Stored items from a collection:
>>>

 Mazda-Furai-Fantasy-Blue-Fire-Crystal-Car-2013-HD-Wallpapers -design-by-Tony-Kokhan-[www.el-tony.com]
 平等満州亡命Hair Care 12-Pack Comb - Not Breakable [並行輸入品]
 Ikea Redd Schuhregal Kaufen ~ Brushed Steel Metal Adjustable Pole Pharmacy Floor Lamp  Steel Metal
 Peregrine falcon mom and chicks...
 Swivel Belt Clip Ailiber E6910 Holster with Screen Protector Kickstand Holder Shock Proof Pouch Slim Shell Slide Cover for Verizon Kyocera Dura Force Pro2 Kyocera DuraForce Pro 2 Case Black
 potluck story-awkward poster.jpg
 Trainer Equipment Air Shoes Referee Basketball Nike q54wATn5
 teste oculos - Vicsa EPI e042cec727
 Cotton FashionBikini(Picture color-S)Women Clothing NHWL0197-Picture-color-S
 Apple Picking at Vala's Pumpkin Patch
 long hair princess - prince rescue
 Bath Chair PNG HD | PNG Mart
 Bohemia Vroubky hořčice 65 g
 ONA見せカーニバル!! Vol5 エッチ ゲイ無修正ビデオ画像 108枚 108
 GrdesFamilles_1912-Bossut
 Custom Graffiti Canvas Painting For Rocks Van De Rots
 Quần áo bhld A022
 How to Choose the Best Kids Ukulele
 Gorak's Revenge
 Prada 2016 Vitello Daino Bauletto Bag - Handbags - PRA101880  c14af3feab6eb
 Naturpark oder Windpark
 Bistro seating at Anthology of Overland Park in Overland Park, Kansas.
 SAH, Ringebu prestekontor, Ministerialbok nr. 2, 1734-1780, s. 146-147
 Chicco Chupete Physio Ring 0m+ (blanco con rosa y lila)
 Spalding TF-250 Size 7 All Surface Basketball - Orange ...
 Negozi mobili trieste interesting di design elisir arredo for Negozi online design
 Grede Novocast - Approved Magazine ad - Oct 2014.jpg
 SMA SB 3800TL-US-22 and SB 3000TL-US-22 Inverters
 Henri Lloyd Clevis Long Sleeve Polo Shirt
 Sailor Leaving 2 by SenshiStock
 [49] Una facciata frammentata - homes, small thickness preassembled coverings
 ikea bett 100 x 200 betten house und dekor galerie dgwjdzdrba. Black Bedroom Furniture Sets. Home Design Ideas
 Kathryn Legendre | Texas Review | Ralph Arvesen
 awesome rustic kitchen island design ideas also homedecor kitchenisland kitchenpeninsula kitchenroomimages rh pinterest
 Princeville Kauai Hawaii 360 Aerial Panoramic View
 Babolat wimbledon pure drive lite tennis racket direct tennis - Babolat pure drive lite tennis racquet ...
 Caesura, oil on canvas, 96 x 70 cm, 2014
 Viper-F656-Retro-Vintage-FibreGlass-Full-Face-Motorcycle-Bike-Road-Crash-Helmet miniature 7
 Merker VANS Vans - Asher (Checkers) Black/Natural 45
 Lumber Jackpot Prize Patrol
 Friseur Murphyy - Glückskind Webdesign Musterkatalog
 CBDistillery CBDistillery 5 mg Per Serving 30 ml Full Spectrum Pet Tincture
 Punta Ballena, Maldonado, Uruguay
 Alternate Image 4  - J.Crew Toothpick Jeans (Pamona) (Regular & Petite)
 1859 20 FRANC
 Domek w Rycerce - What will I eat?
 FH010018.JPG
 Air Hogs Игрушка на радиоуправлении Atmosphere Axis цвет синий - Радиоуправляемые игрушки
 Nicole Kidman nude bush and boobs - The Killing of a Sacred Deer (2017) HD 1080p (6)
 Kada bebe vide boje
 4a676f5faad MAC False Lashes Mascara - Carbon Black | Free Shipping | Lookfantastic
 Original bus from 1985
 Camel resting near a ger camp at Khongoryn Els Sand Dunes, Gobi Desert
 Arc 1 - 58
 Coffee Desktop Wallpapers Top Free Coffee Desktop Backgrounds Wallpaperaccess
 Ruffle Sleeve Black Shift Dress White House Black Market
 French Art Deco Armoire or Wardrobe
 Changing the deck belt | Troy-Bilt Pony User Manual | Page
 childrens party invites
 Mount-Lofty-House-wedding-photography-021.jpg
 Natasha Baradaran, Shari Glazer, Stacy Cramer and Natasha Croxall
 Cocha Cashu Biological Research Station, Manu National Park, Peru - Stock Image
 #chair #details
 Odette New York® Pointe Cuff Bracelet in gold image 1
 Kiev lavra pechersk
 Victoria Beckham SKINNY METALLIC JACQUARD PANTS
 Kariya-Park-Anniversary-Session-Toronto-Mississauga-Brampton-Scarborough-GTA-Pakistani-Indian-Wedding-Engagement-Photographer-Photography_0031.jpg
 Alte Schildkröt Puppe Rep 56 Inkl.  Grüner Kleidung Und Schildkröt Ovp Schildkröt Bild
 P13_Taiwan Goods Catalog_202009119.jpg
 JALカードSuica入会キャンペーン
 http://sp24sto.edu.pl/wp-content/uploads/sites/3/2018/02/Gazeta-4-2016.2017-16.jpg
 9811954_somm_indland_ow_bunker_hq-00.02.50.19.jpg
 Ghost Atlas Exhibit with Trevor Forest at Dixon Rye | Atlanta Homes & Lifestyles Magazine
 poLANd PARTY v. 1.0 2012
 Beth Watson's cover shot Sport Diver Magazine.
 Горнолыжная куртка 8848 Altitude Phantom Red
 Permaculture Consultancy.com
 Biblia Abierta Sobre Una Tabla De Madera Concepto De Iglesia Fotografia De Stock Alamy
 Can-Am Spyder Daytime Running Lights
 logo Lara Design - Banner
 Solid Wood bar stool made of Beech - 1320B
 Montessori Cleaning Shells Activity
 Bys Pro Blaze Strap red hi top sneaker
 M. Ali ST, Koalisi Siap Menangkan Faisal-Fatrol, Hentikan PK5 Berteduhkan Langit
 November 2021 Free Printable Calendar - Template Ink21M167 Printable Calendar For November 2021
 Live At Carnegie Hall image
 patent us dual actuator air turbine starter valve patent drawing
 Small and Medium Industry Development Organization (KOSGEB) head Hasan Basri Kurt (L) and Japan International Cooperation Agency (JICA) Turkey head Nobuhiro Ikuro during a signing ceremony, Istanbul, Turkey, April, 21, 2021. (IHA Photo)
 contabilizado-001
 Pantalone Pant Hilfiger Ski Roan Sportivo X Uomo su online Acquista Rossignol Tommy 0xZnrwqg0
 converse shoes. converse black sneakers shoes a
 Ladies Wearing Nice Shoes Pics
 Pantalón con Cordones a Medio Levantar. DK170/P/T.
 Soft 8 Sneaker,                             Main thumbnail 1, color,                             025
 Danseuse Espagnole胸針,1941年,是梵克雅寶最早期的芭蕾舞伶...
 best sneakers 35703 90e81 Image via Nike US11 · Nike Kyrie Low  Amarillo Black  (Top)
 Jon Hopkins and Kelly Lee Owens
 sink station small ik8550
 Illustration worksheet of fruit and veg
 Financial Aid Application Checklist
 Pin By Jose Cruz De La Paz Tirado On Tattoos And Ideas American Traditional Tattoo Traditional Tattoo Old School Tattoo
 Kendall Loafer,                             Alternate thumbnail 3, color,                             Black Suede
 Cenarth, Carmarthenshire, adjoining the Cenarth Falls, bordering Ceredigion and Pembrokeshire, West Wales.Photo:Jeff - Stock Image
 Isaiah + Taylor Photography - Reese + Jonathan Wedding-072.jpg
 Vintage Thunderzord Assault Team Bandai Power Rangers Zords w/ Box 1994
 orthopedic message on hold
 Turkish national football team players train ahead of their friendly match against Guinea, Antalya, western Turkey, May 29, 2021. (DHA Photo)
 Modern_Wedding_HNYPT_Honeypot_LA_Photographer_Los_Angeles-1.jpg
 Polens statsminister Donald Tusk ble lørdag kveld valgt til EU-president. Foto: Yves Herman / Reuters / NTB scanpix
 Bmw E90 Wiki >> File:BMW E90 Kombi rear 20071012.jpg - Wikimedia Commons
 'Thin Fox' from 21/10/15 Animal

<<<

# AIM OF THE EXERCISE
Each line above that has the word "Vintage" must be copied.

# ANSWER SECTION
 Viper-F656-Retro-Vintage-FibreGlass-Full-Face-Motorcycle-Bike-Road-Crash-Helmet miniature 7
 Vintage Thunderzord Assault Team Bandai Power Rangers Zords w/ Box 1994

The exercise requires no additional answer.